In one of my projects, I had to choose which language I would use to write some small module - C, C++ or Lua. I didn’t want to use C, because the module required a lot of string handling. Another option was C++, but some other parts of the system were written in Lua, so I thought it would be much easier to integrate everything without switching languages, and I had heard some good things about Lua, so in the end, I decided to give it a shot. And this was a right decision.

Lua is a minimal language. In fact, there’s only one primary data structure - an associative array. It’s something similar to Python’s dictionary, but you can build nearly everything based on it, e.g., check the https://en.wikipedia.org/wiki/Lua_(programming_language) to see how to implement namespaces or objects using Lua’s arrays.

I found only one confusing thing in that language. When you want to iterate over an array using for loop, you need to use an iterator. So far so good. ipairs works only if the keys are numeric starting from 1, and are continuous (there’re no spaces between them). See the example below:

arr = {}
for i=1,5 do 
   arr[i] = i*i
end
for _, val in ipairs(arr) do print(val) end
-- 1
-- 4
-- 9
-- 16
-- 25

print("Arr size", #arr)
-- Arr size 5

arr[7] = 49
arr['error'] = 1000
print("Arr size", #arr)
-- Arr size 5  <--- note that the array size is the same, despite we just added two elements 

print(arr['error']) -- 'error' key exists
-- 1000

for _, val in ipairs(arr) do print(val) end
-- 1
-- 4
-- 9
-- 16
-- 25   <-- the last element is still 25, arr[7], and arr['error'] are omited

arr[6] = 36 -- fill the space between 5 and 7
print("Arr size", #arr)
-- Arr size 7   <-- the size is now 7 because the numeric indexes are now continuous

for _, val in ipairs(arr) do print(val) end
-- 1
-- 4
-- 9
-- 16
-- 25
-- 36
-- 49   <-- arr[7] is present!

-- print with keys
for i,val in ipairs(arr) do print(i, val) end
-- 1    1
-- 2    4
-- 3    9
-- 4    16
-- 5    25
-- 6    36
-- 7    49

If you need to iterate over all elements in the table you need to use pairs iterator. However, the order of elements is not guaranteed, which makes sense because the array is not a vector but something more like a map.
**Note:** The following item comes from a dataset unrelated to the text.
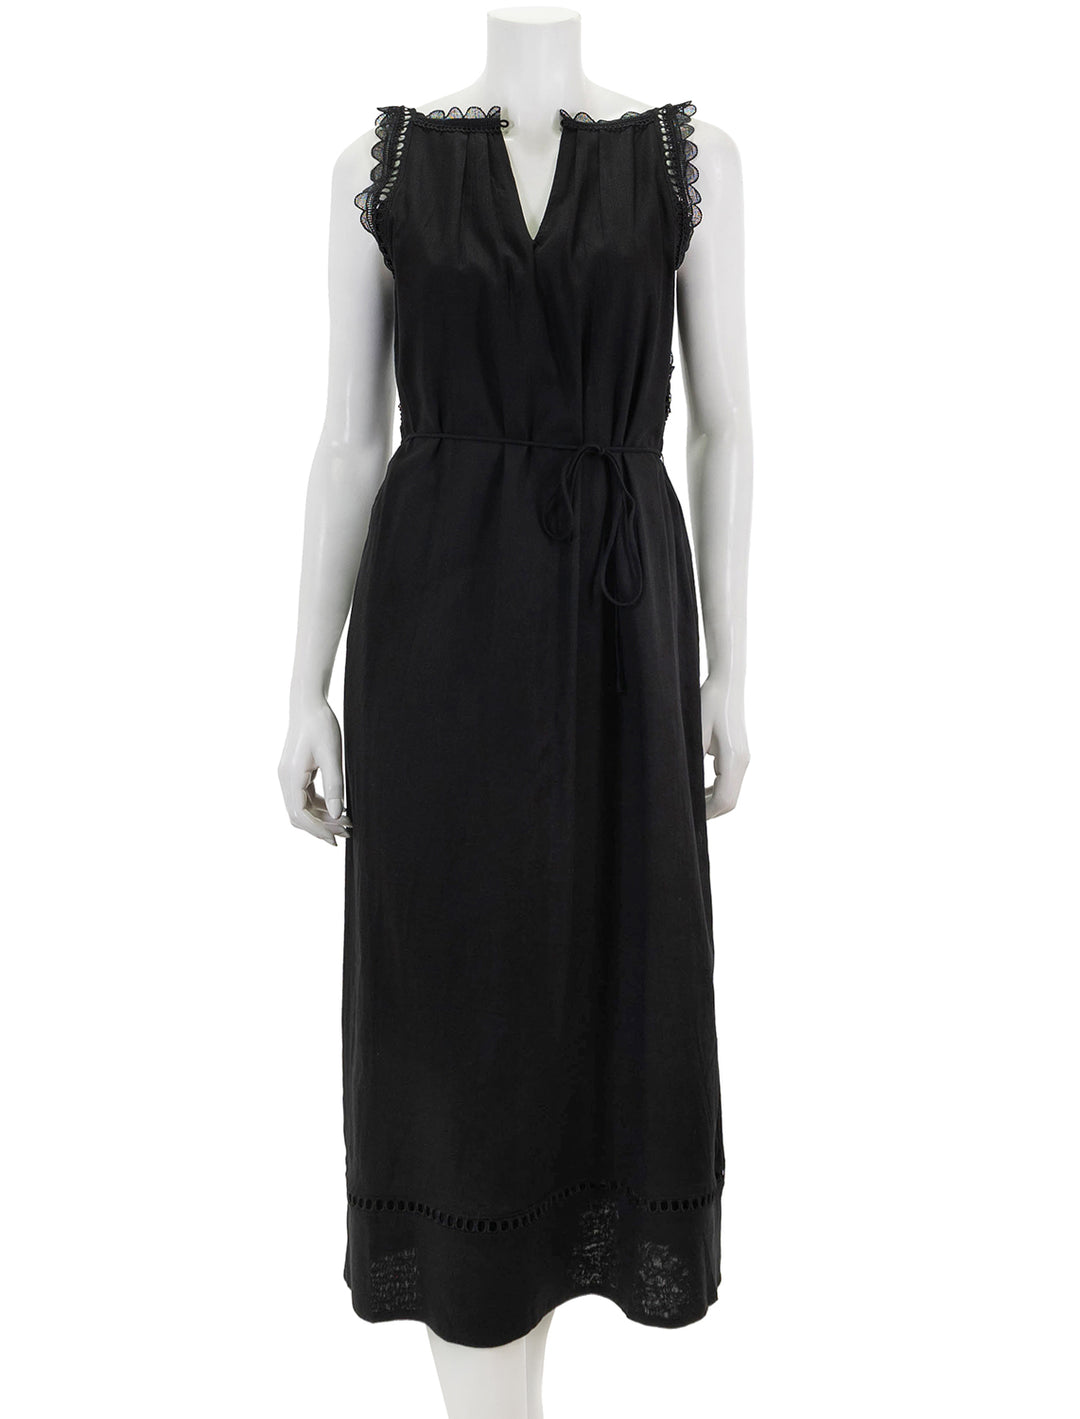 Front view of Suncoo Paris' Cristy V-Neck Dress in Noir.
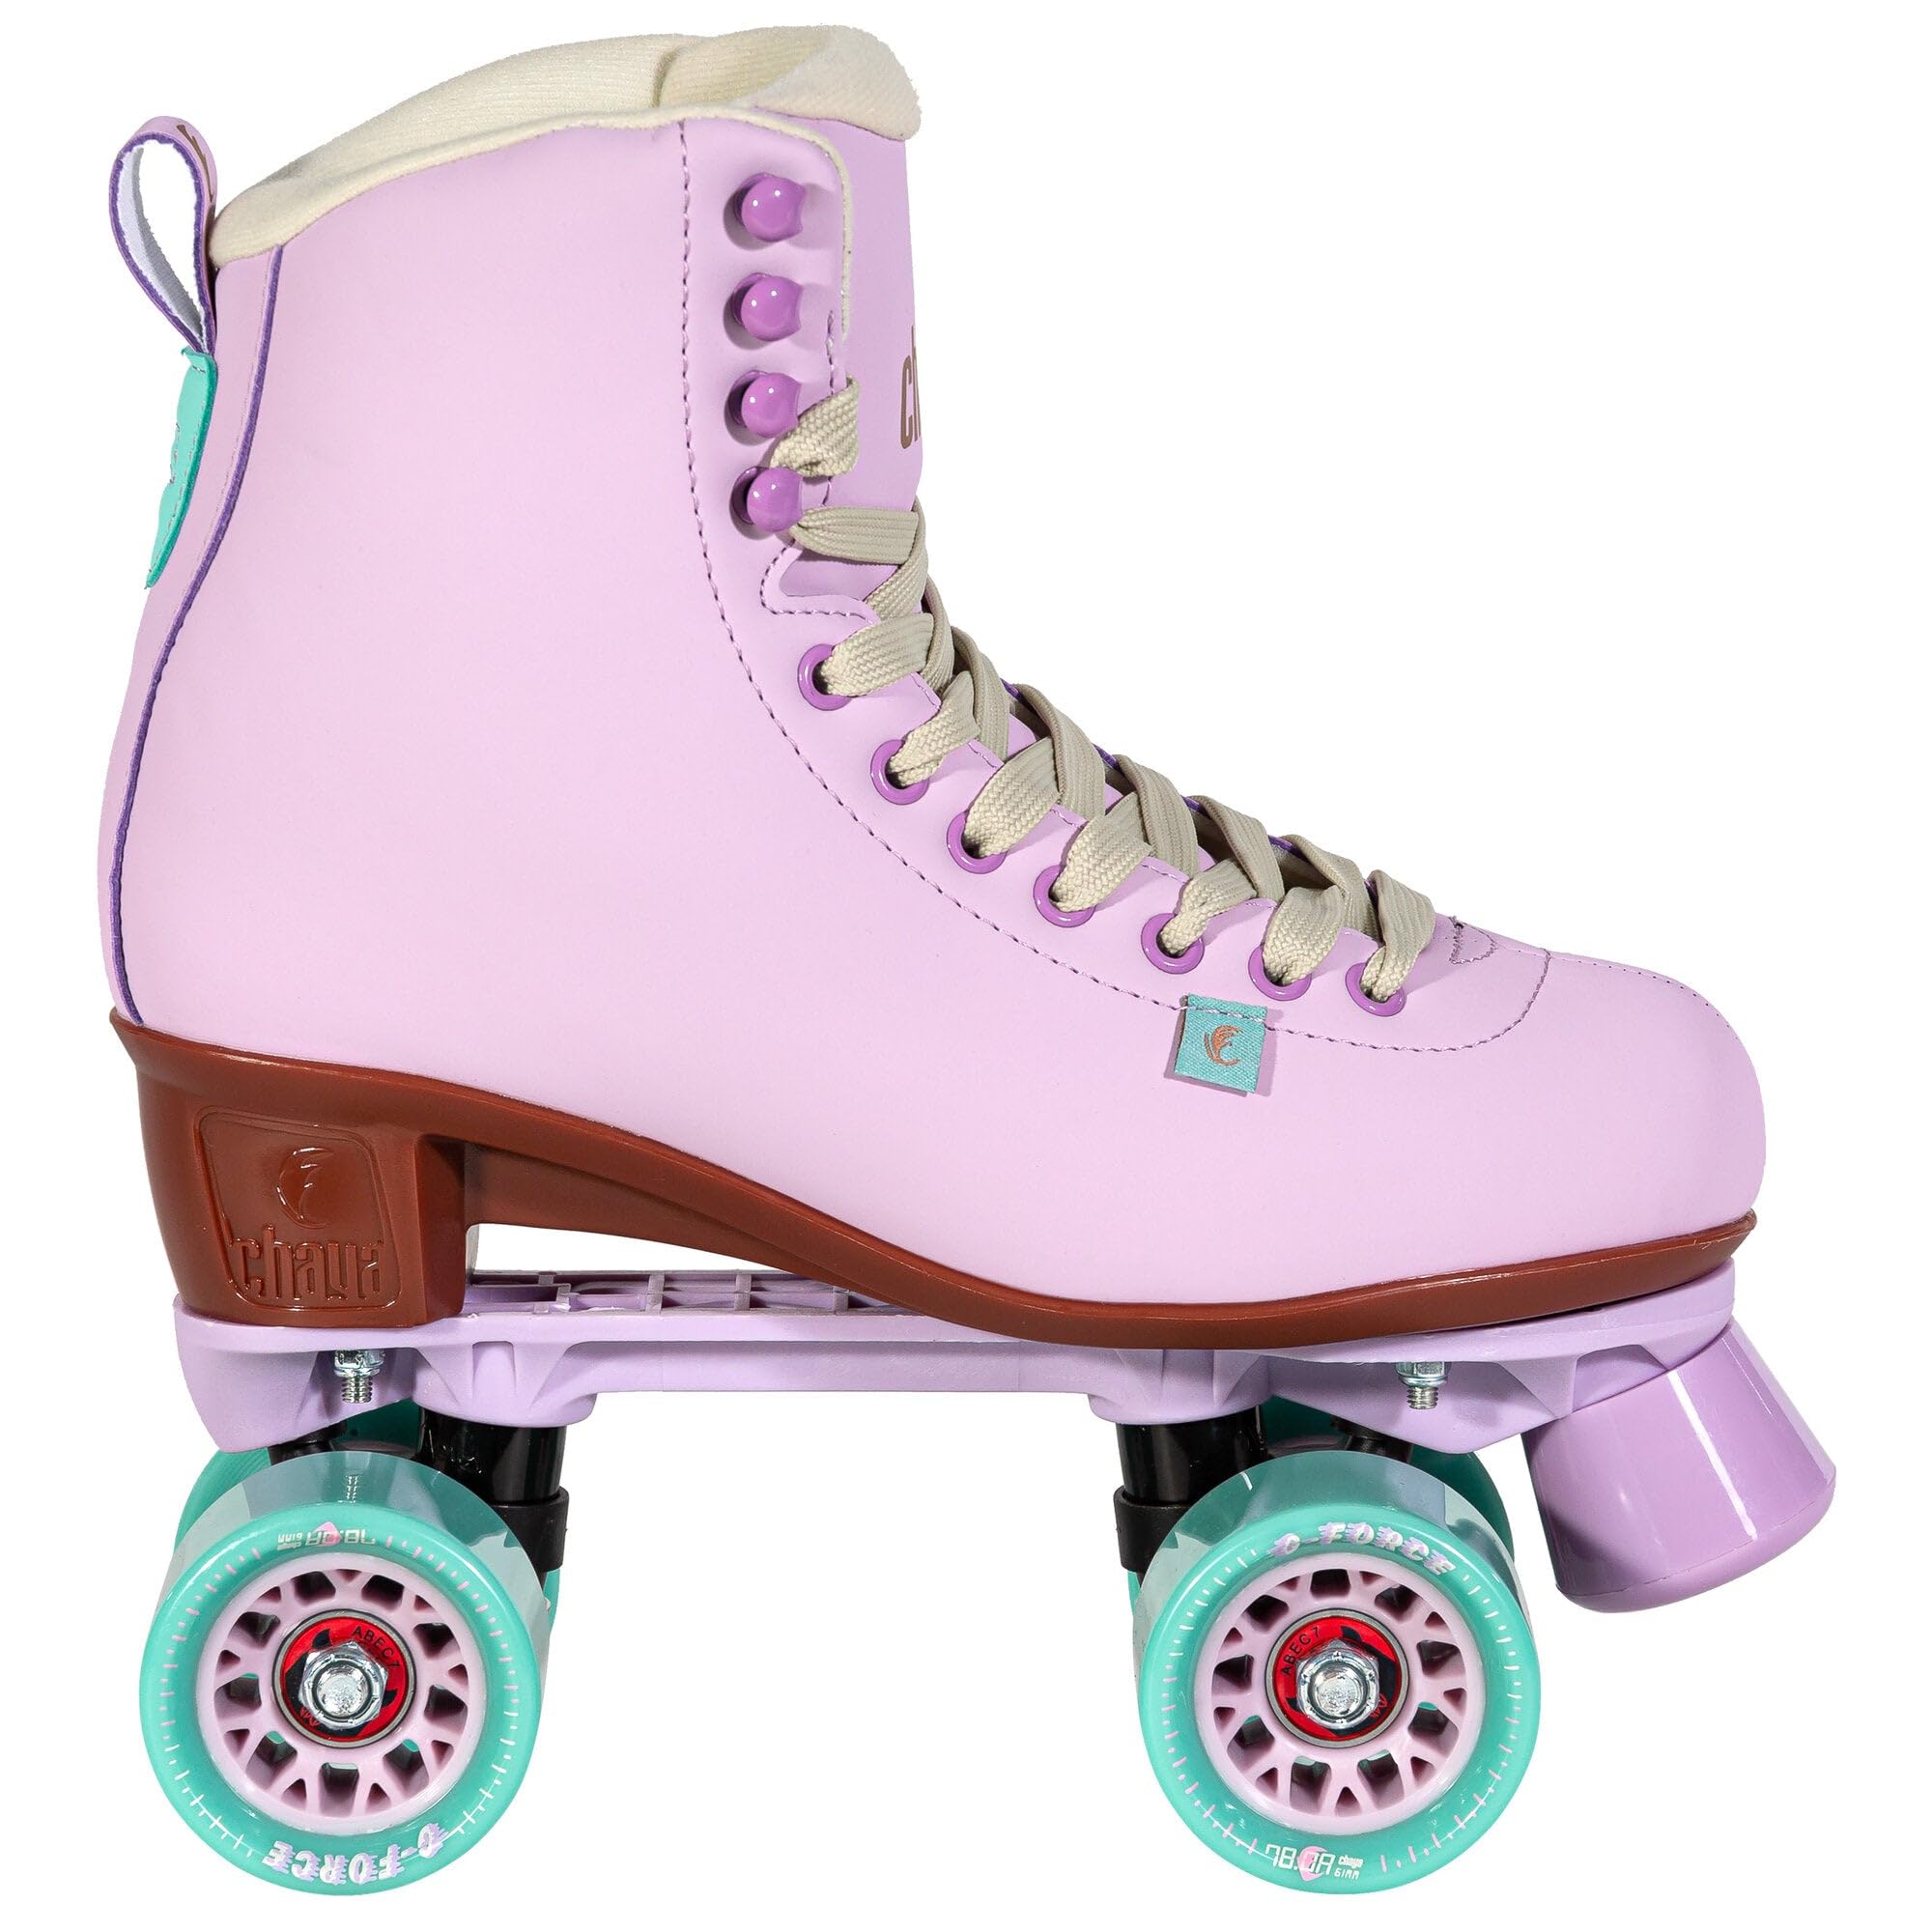 Chaya Roller Skates Melrose Lavender für Damen in Lila, 61mm/78A Rollen, ABEC 7 Kugellager, Art. nr.: 810724

See the example:

-- create an array with string keys
arrString = {}
for i=1,5 do 
    arrString["tmp" .. i] = i*i
end

for i,val in ipairs(arrString) do print(i, val) end -- nothing happens

for i,val in pairs(arrString) do print(i, val) end
-- tmp1 1
-- tmp3 9
-- tmp4 16  <---
-- tmp2 4   <---
-- tmp5 25
-- note that the result is not in the order

Execution speed

My last concern was a performance because this module had to be quite fast. I only hoped that Lua would be fast enough, otherwise I would be forced to rewrite everything in C++. I still don’t really understand why, but the final code, even without any hand optimizations, is blazing fast, even before using JIT (there’s luaJIT - http://luajit.org/) it was fast enough.

Summary

I’m glad that I tried Lua, because it’s tiny, but pleasant and compelling language, and I can highly recommend it to others.